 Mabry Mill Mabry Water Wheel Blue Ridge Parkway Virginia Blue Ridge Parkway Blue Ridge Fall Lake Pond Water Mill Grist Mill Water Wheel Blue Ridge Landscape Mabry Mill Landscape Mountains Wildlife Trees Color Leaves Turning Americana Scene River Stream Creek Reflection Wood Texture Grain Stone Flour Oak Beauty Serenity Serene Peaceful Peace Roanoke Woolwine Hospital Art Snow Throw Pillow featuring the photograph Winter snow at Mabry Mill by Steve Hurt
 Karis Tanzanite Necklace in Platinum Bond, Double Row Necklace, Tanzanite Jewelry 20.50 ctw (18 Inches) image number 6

--

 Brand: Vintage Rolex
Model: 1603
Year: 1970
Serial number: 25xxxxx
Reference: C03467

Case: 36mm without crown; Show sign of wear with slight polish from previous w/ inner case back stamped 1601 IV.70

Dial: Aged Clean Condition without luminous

YOUR ASSIGNMENT → Write out only the lines that run from the line containing "Mabry Mill Mabry" through the line containing "Karis Tanzanite Necklace", both included, exactly as they appear above.

TASK RESULT →
 Mabry Mill Mabry Water Wheel Blue Ridge Parkway Virginia Blue Ridge Parkway Blue Ridge Fall Lake Pond Water Mill Grist Mill Water Wheel Blue Ridge Landscape Mabry Mill Landscape Mountains Wildlife Trees Color Leaves Turning Americana Scene River Stream Creek Reflection Wood Texture Grain Stone Flour Oak Beauty Serenity Serene Peaceful Peace Roanoke Woolwine Hospital Art Snow Throw Pillow featuring the photograph Winter snow at Mabry Mill by Steve Hurt
 Karis Tanzanite Necklace in Platinum Bond, Double Row Necklace, Tanzanite Jewelry 20.50 ctw (18 Inches) image number 6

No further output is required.